People scroll fast, whether a feed contains slime or suicide. It all comes through the same screen and, as a result, hurtful, disturbing, and personal news belongs to hundreds of Instagram followers, Snapchat users, and Facebook friends. This impersonal interaction and overall detachment leads to a lack of the full appreciation it takes to mourn the loss of another person’s life and have real relationships at all.

According to researchers at University of California-San Diego, humans receive about 34 gigabytes of information through media per day. This is equal to over 100,000 words, plus images and videos. Just as this amount of information could overload a laptop, it floods the brain. This can literally hinder a person’s ability to feel.

“I first found out [about Chiu’s passing] through social media. It almost felt like a sick joke,” said McDonald. “She was my first best friend. We did everything together. Having to find out about her passing through [social media] was very hard.”
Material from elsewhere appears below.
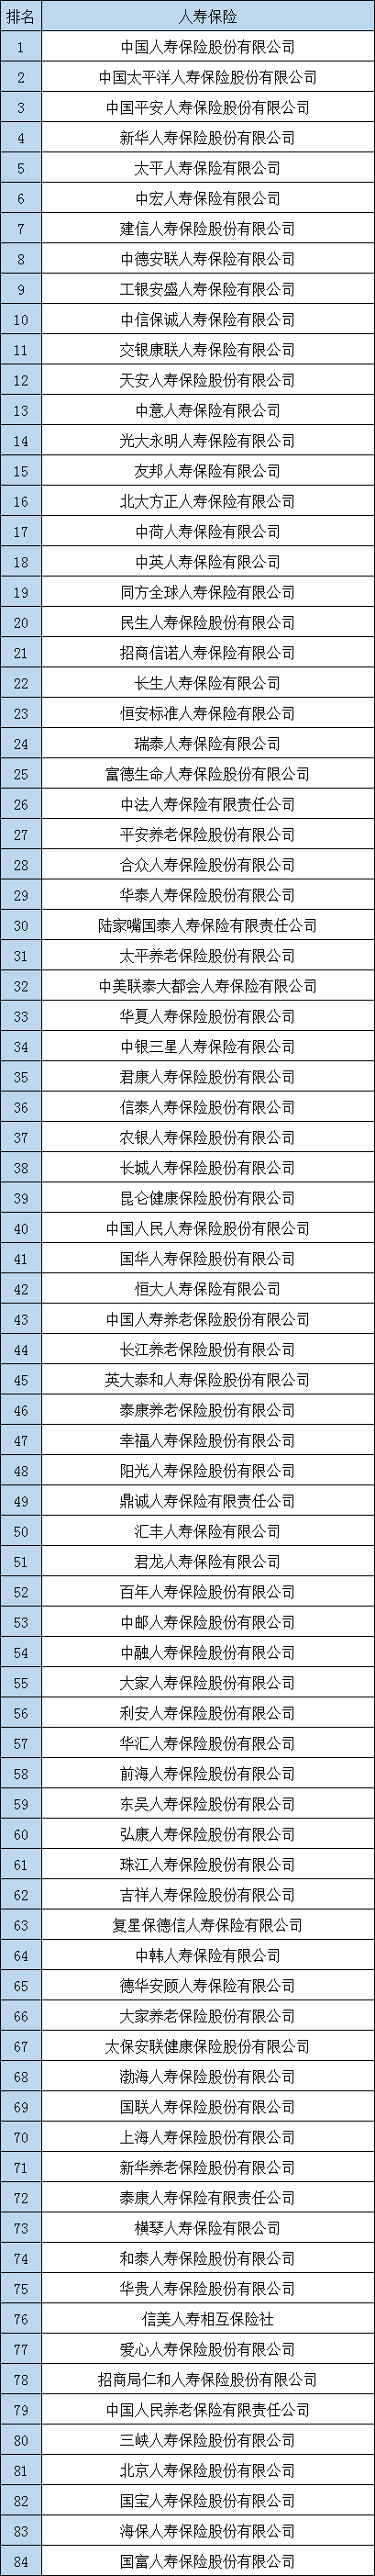 中国保险公司排名插图4

When harsh realities of life pop up on Instagram feeds, it’s a reminder for some that tragedy doesn’t always happen on the other side of the country or across the world. It happens in other friend groups, neighboring school districts, and down the street.

According to the American Foundation for Suicide Prevention and the CDC, suicide remains the 10th leading cause of death in the United States, is the second leading cause of death among people 15-34 years old, and the rates for people under the age of 20 are slowly going up.

Carlmont is trying to help limit suicides and cope with them. Almost every type of health hotline a student could potentially need is on the back of student IDs. The SOS program is open to all students every day. An entire council of ASB has the sole goal to make students feel included. There’s a nurse, six counselors, and over 100 teachers.

Instagram is unusable on district wifi, there have been emails sent out about the dangers of “13 Reasons Why,” and for the past three years the welcome back assembly speakers have preached positivity and love.

Carlmont is trying.

But students are still dying and their friends still get the news delivered six inches from their faces, along with suggestions that they are not good or pretty enough, smart or involved enough, outgoing or intriguing enough.

“If [students’ coping] was dependent on social media then it would be just horrible that they can’t talk to each other and be there for each other,” said Langkusch.

A 2017 Carlmont graduate, who asked to have her identity withheld, tried to kill herself during her sophomore year.

“I thought, ‘No one noticed me before, so why would anyone notice me now? [My parents] won’t understand that I’m not good enough and I’ll never be good enough,” she said.

But in the action, she messaged a friend to say goodbye and realized that killing herself wasn’t what she actually wanted to do. She called him for help and survived.

“If somebody is feeling alone or having feelings of hopelessness or depression they should reach out to an actual person: a parent, teacher, close friend,” said Vernon.

She has dealt with student suicides before and observed social media’s effects.

“It can be traumatizing for a lot of people. It’s important if you find out about something that’s happened, something tragic such as suicide, to try to refrain from posting about it on social media. Talk to a person instead,” said Vernon.

According to the American Public Health Association, Signs of Suicide (SOS) suicide prevention programs in high school significantly lower rates of suicide attempts and increase knowledge about coping with depression because there is intervention and communication from a group.

Talking helps. Foundations, researchers, SOS programs, guidance counselors, teachers, friends, and mourners have concluded that personal interaction and real-life relationships help people cope, whether they’re victims of mental illness or dealing with trauma.

Talking can stop a suicide and give one the respect it deserves.

Social media will continue to pose the danger that viewers only see filtered lives, and people will still participate in significant events through the internet’s false reality, but it can all be combated when people live in real life.

“We can all put on a good show: the masks that we will wear and the tone we will take. We can hide so many things,” said Langkusch.